Brazil left economically weakened after Paralympics come to a close?
Rio de Janeiro: After 1,192 days, Brazil's run of hosting mega-sports events came to an end at the Paralympic Games.
It began with football's Confederations Cup in 2013, extended to the 2014 World Cup, ran through IOC President Thomas Bach's goodbye speech last month at the Rio de Janeiro Olympics, and finished with the closing ceremony of the Paralympics before 45,000 spectators at Rio's Maracana stadium.
Awarded when Brazil was a rising economic power, the sports pageants focused unprecedented attention on the country – much of it unwanted.
As the shows went on, Brazil plunged into a deep recession. A billion-dollar corruption scandal buffeted state-run oil company Petrobras, and President Dilma Rousseff was removed from office in an impeachment trial just days after the Olympics closed.
"This all left a very mixed legacy," Mauricio Santoro, an international relations expert at the State University of Rio de Janeiro, told AP. "We are going to need some years to evaluate what was the impact, the worth of these events for Brazil."
By a conservative estimate, Brazil spent about $30 billion organising the events with a mix of public and private money that included the construction of four white- elephant football stadiums for the World Cup. All four are in cities without major teams.

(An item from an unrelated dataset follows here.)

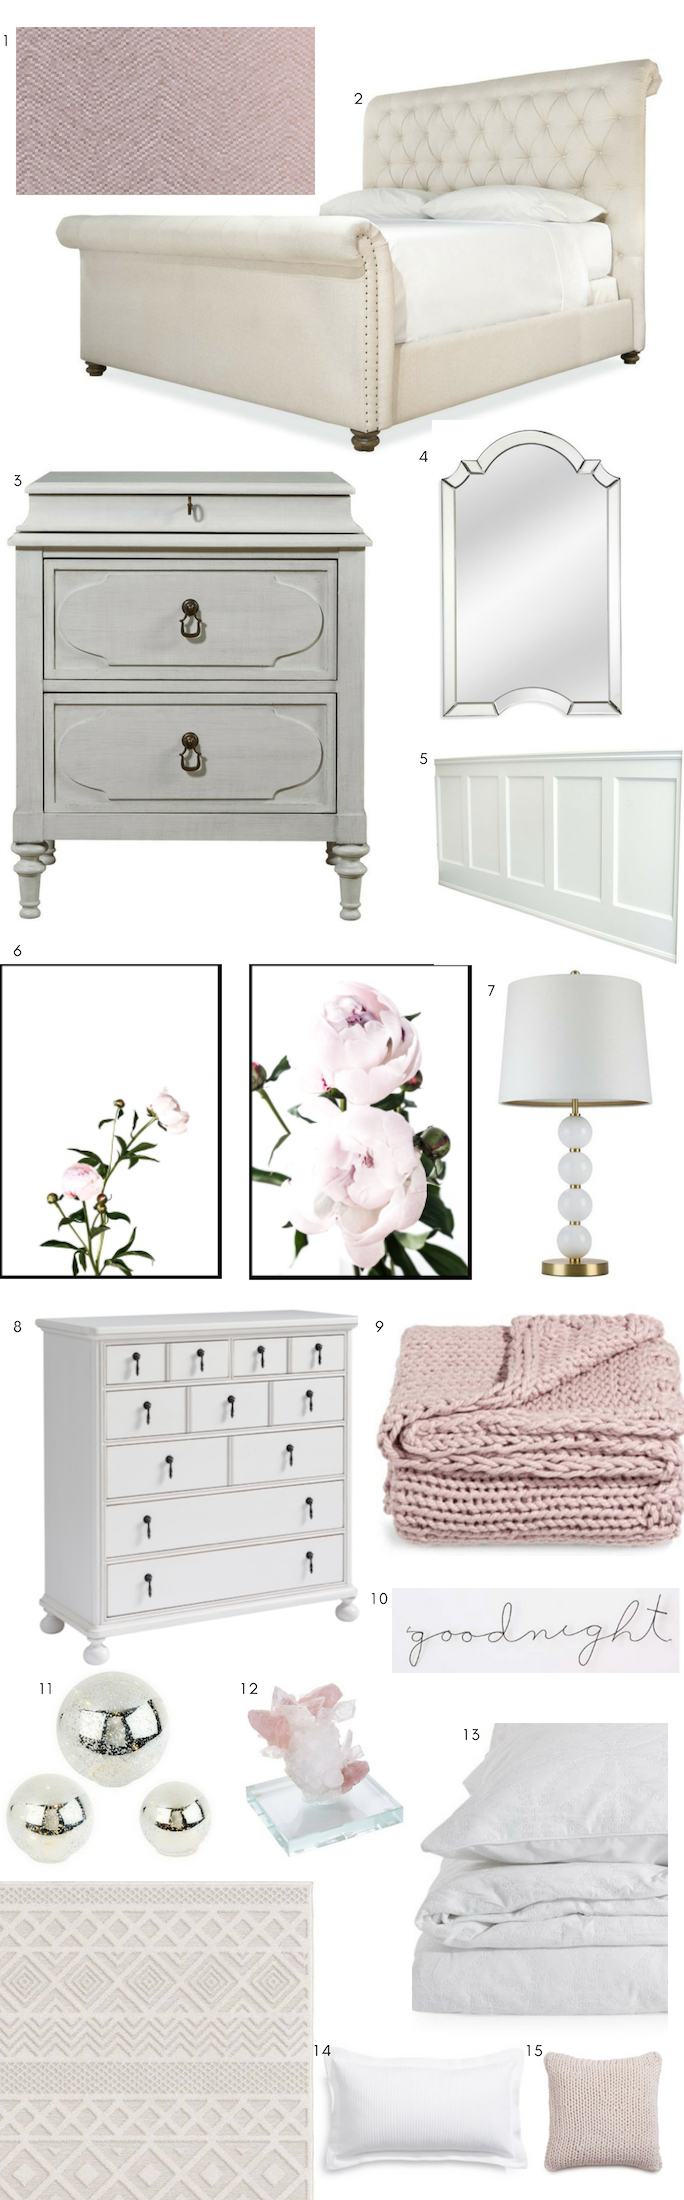 Blush pink and neutral master bedroom ideas. Blush pink and neutral bedroom design board. Bedroom with pink wallpaper and tufted bed. Peony bedroom wall art. Glamorous blush pink and natural bedroom with: ｜1. Graham & Brown wallpaper ｜2. Universal Furniture Boho Chic bed ｜3. Universal Furniture Cancale bedside chest ｜4. Arch top mirror ｜5. Board and batten wainscoting ｜6. Opposite Walls white-framed Lovers and Romance prints ｜7. Stacked glass ball lamp ｜8. Universal Furniture Paula Deen Bungalow Oleander chest ｜9. Glucksteinhome Stella knit throw ｜10. Goodnight cursive sign ｜11. Lit mercury glass globes ｜12. Decorative agate ｜13. Glucksteinhome Classic White 3-piece duvet set ｜14. Glucksteinhome Classic White cushion ｜15. Glucksteinhome Stella knit cushion ｜

Rio fared better with the Olympics, getting a metro line extension, bus lines, and light-rail. But much of the investment was aimed at Rio's upscale suburb of Barra da Tijuca – not at the city's sprawling ‘favelas’, or slums. The Olympic Park and Athletes Village there will be moulded into high-priced commercial and residential properties now that the games are done.
"I think the Olympics and Paralympics were a boost to the self-esteem of Brazil," Santoro said. "They happened when everything was going so bad in Brazil. The mere fact they happened without serious problems, without an infrastructure disaster, without a terrorist attack, made Brazil feel better about itself."
Brazil's reputation away from home is another matter. Only a handful of foreign leaders attended the Olympics – compared to about 100 four years ago in London.
The state of Rio de Janeiro is broke and defaulting on bond payments. Some schools have suspended classes, and hospitals are understaffed. Only a last-minute bailout of about 250 million reals (USD 76.5 million) from the federal and local governments saved the Paralympics from a shortfall in the organising committee's privately funded operating budget.
"There was a feeling that Brazil is such a big mess," Santoro said. "How could you have a good opinion of this country?"